Он приопустил сивую кудлатую голову, и пряди его волос мелко-мелко подрагивали.
«А ведь, говорят, волосы не гниют, — стукнуло в голову Михаила, — Караваев исчезнет, а волосы сохранятся. Несуразность непроворотная в башке, ничего больше! — обозлился он на себя. — Один скулеж собачий, а слов нет скулеж этот высказать».
— Поглядеть бы лет через двадцать, как вы жить, управляться будете. Да уж не увидишь, не услышишь... оттуда.
Старик пытался выправить, вытвердить голос, но он не налаживался, исходил на жалобу.
— Чего вы: не увидишь? — Михаил тер о штаны вспотевшие ладони. — Вам еще жить да жить! — вырвалось вековое крестьянское: хоть капелюшный, да глоток надежды, хоть соломенная, да подмога тонущему — известно, что умирающий никогда не верит, что он умрет — кто стоял перед погибелью, тот знает.
— Жить да жить, говоришь? А что, вот возьму и поживу, а? — Караваев будто в шутку просил у Михаила разрешения пожить и даже усмехнулся с какой-то просящей надеждой.
— А чего не жить? — подхватил Михаил. — Только к сердцу так близко не надо... вон, как на митинге.
— А ты — не близко? Горе-то всенародное.
Михаил молчал. Глядел, как перед большим окном еще голый, корявый ясень тихо покоил в своей редкой вершине высокий сиреневатый день — глядел и думал, как ответить Караваеву. Ни правду сказать, ни соврать. А какая она, правда? Как вот эти ветки, четкие и узловатые, или как сквозящее через них бездонное сиреневатое небо?
— Я не знаю, — сказал и вздохнул с подрагиванием в груди. — Горе всенародное, когда война или урожай сгорит — голод. И, все равно, все сразу не заплачут. Счастье-то, оно времени не выбирает.
— Так ведь всенародное горе, всенародное и счастье. — Караваев закурил снова, отмахнул дым, с костлявым звуком уронил руку на стол. — Всему свое время, Свешнев.
— Нет, — покачал головой Михаил. — Общей может быть правда, а горе со счастьем времени не выбирают — они всегда в одной упряжке.
— По-твоему, я на митинге мог быть счастливым?
— Не-ет! — поспешно и приглушенно выдавил Михаил. — Это ваше горе.

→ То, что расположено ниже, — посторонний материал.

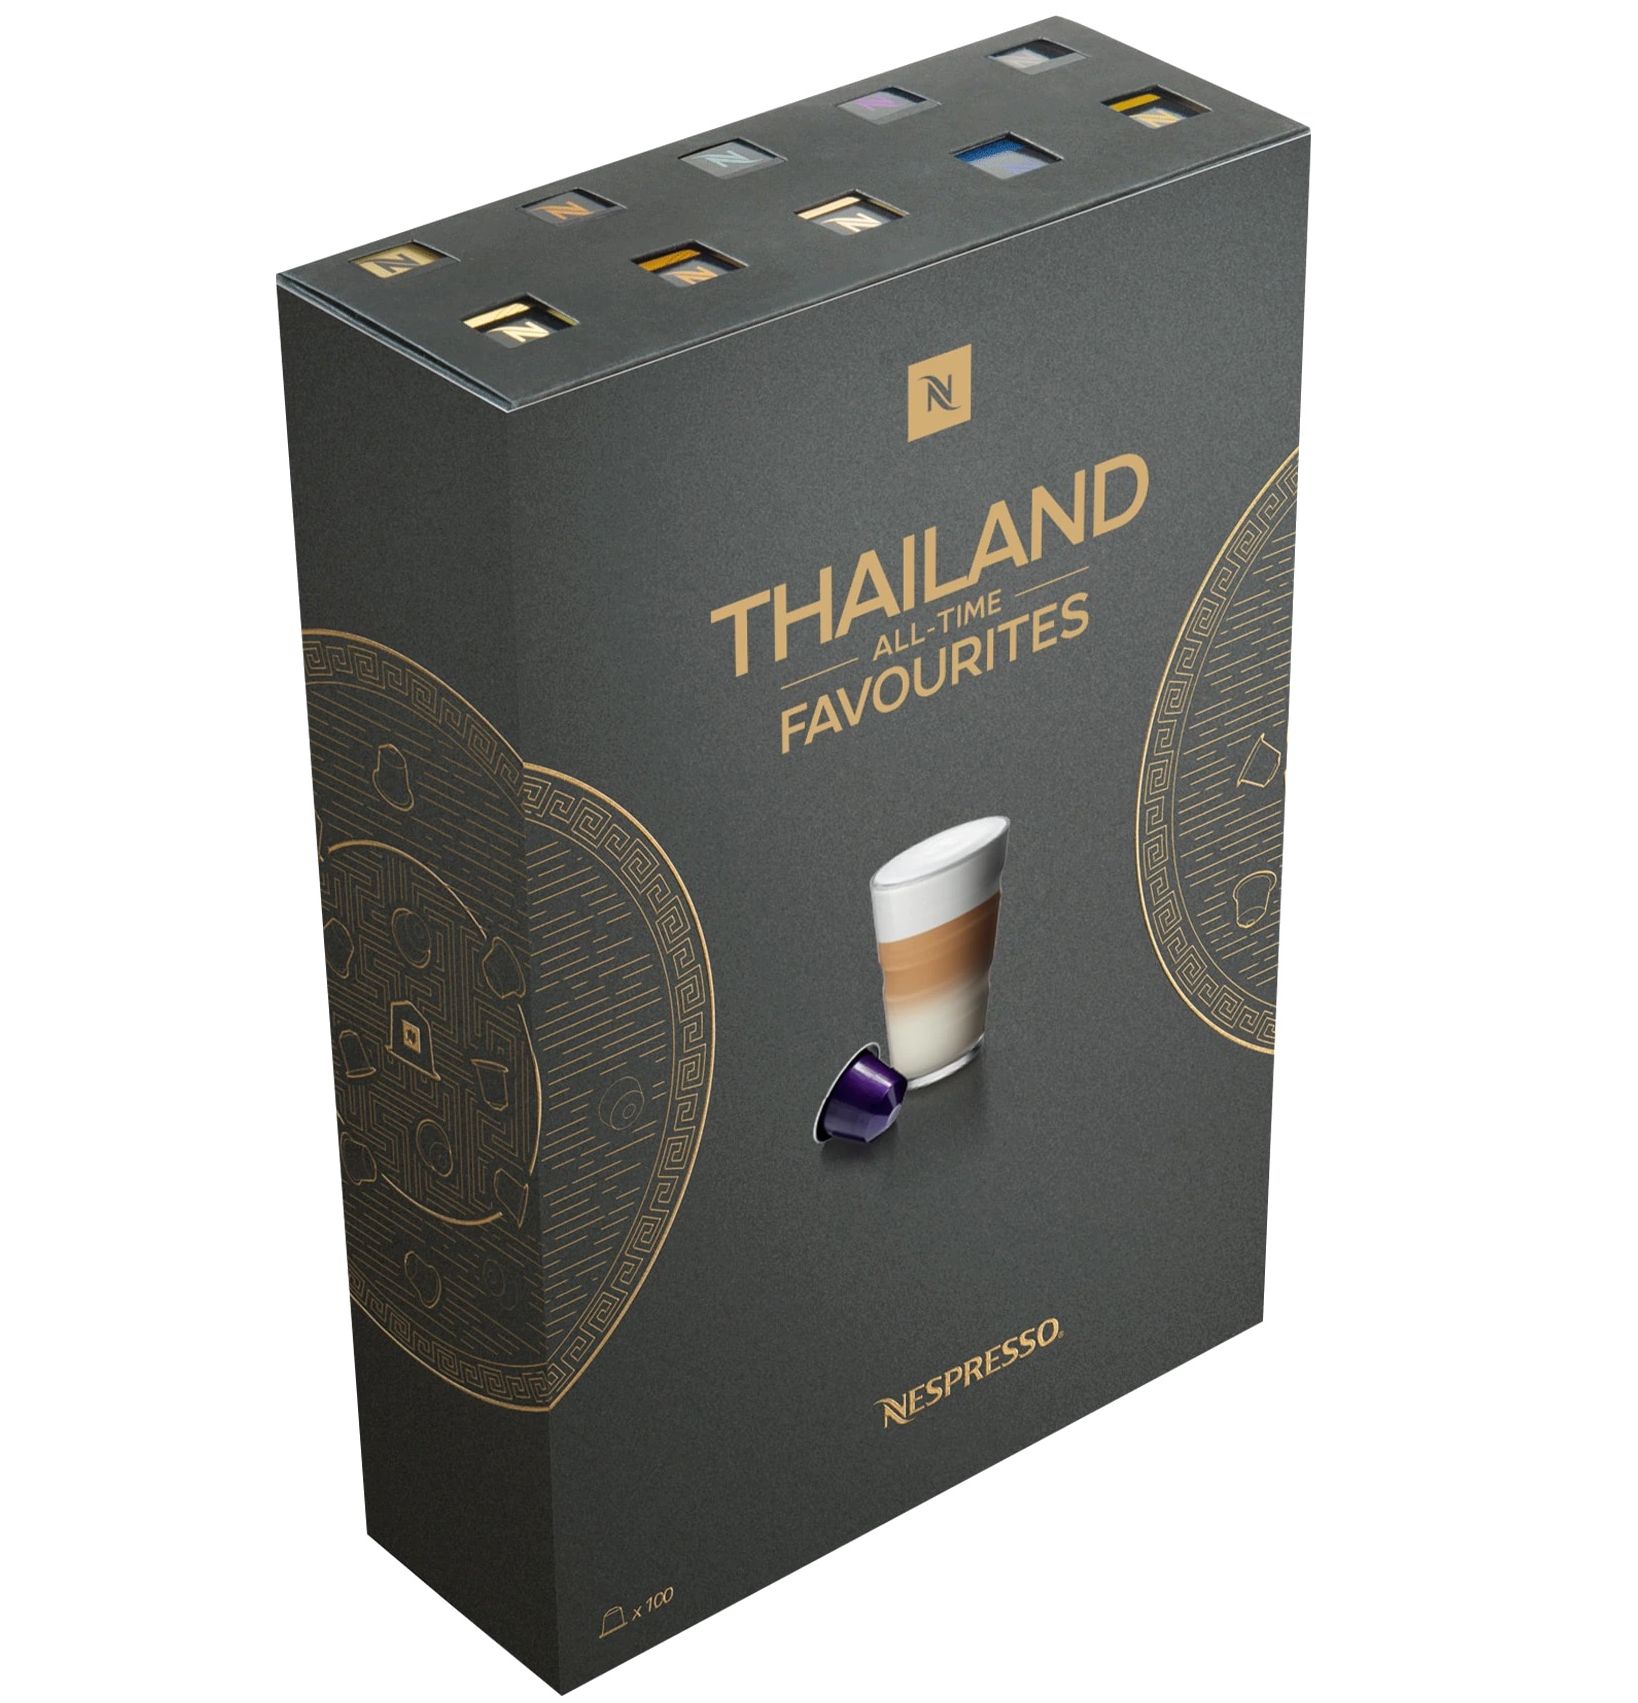 Nespresso Thailand All Time Favorites Variety Pack (10 Favorites) Ground Coffee Capsule เนสเพรสโซ ออลไทม์ วาไรตี้ (รวมรส 10รส) กาแฟคั่วบด แคปซูล 100 Capsules

— Раздели-ил, — прохрипел Караваев. — А меня жалеешь. Вижу — жалеешь, — сказал, утверждая. — Да чужой век не проживешь. Ой, сколько мы теряли, Свешнев! Как сказал добрый поэт: «Доколе ворону кружить, доколе матери тужить?..» Беречь бы нам друг друга. Вот так! — Караваев сжал кулак. — Жалеть. Да не научились.